Although iteration-based techniques have shown their feasibilities, some preceding conditions, such as good initial guesses that are close to the objects, a priori information about unknown objects, appropriate regularization terms significantly dependent on the problem, evaluations of complex Fréchet (or domain) derivatives must be fulfilled to guarantee successful iteration procedures. Furthermore, large computational costs are still incurred, and extensions to multiple objects still prove to be difficult. Hence, Newton-type iteration schemes are not appropriate in designing real-time detection of moving objects.

As alternatives, various non-iterative algorithms have been investigated, e.g., the bifocusing method ^{[24,26,27,53]}, direct sampling method ^{[22,23,39,52]}, MUltiple SIgnal Classification (MUSIC) algorithm ^[4,36,41,46], linear sampling method ^[1,11,19,29], topological derivatives ^[7,18,30,38], Kirchhoff and subspace migrations ^[2,3,37,45], and orthogonality sampling method ^{[20,43,44,48]}. It is worth mentioning that, although complete information about unknown objects cannot be retrieved via non-iterative algorithms, such algorithms are fast, effective, and stable in detecting multiple objects without any a priori information. So, instead of completely reconstructing the objects, it would be appropriate to design a real-time algorithm for detecting moving objects. Let us emphasize that, in order to apply MUSIC or subspace migration for identifying moving objects, a careful threshold of singular values of the scattering matrix is essential. Topological derivative based techniques or linear sampling methods are very stable and effective non-iterative techniques, but additional operations such as solving adjoint problems or nonlinear integral equations are required. Hence, these methods would be inappropriate as real-time detection techniques. Fortunately, the bifocusing method, direct and orthogonality sampling methods with multiple sources, and Kirchhoff migration require no additional operations; therefore, we believe that they can be applicable to design a real-time detection algorithm.

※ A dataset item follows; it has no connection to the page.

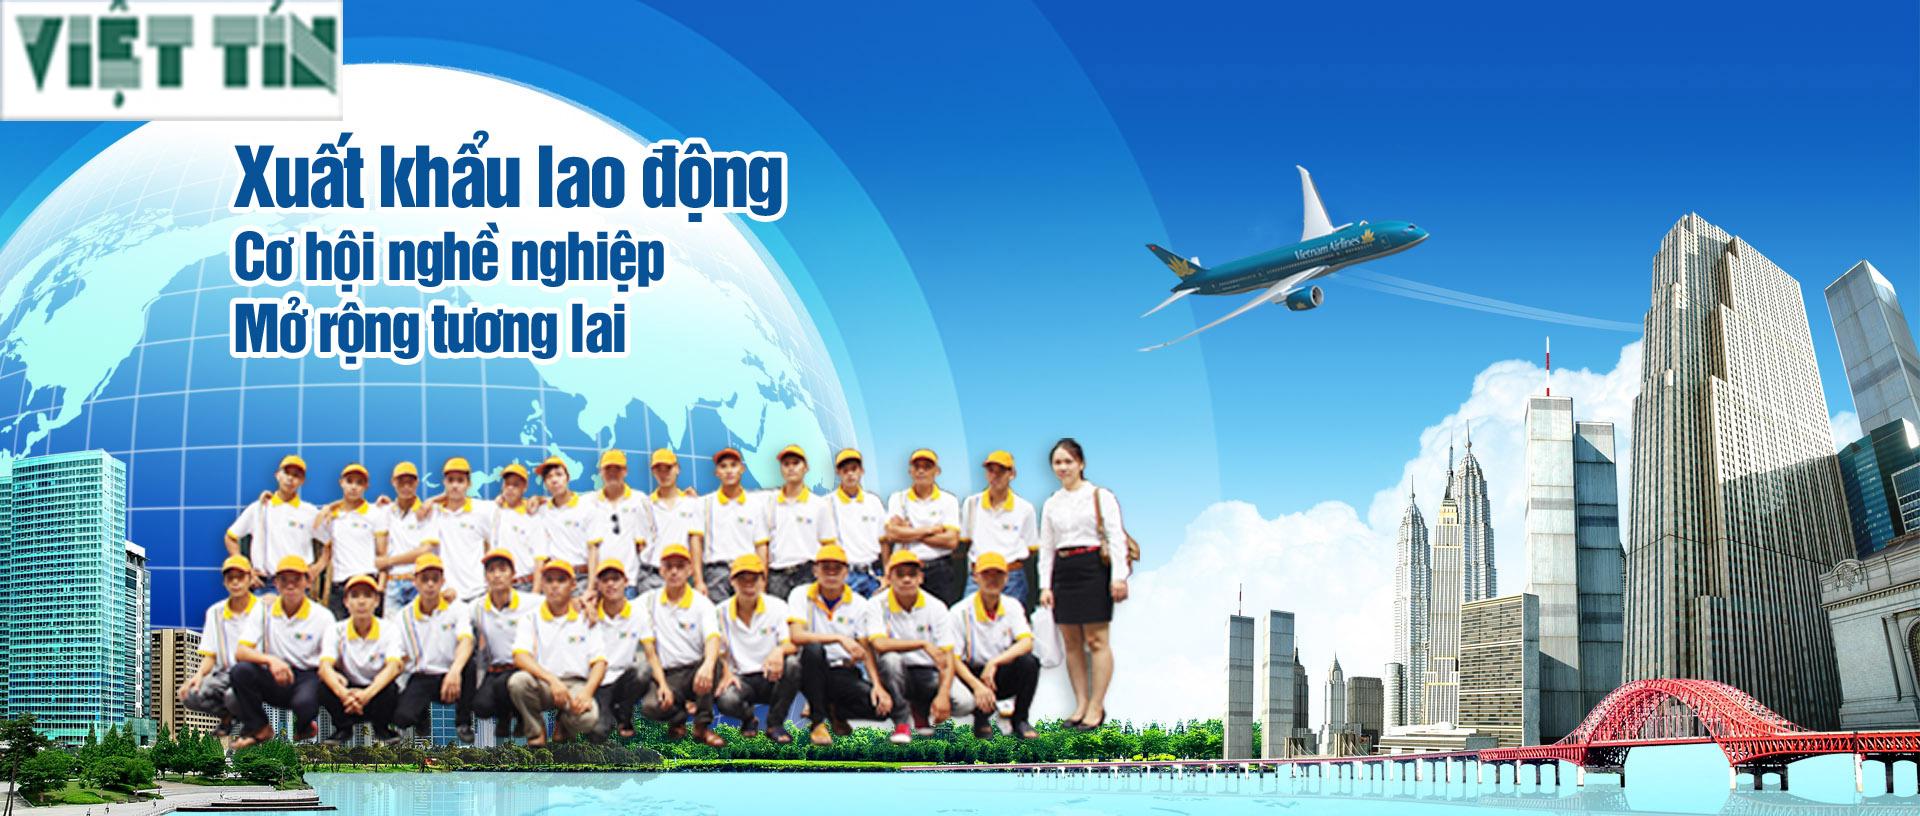 Xin giấy phép xuất khẩu lao động tại Luật Việt Tín

Let us emphasize that the imaging performance of direct and orthogonality sampling methods is significantly dependent to the location of source (see ^[44,52] for instance). In this paper, regarding this issue, we apply Kirchhoff migration for a real-time tracking of moving small objects from the scattering matrix, whose elements are measured scattering parameters at a fixed frequency. In contrast to the traditional studies in inverse scattering problems, the diagonal elements of a scattering matrix cannot be determined from a microwave machine, i.e., scattering parameters cannot be obtained when the transmitting and receiving antennas are at the same location. Considering such a limitation, an imaging function based on the Kirchhoff migration for tracking moving objects is designed, and its mathematical structure was rigorously analyzed by establishing a relation with an infinite series of Bessel functions of integer order and antenna configurations. Based on this relation, we can demonstrate that the designed tracking algorithm is fast and effective. Moreover, it is possible to guarantee unique determination of moving objects. To illustrate the feasibilities of the designed technique and to avoid committing inverse crimes, numerical simulations are performed with experimental data generated by a microwave machine ^[28].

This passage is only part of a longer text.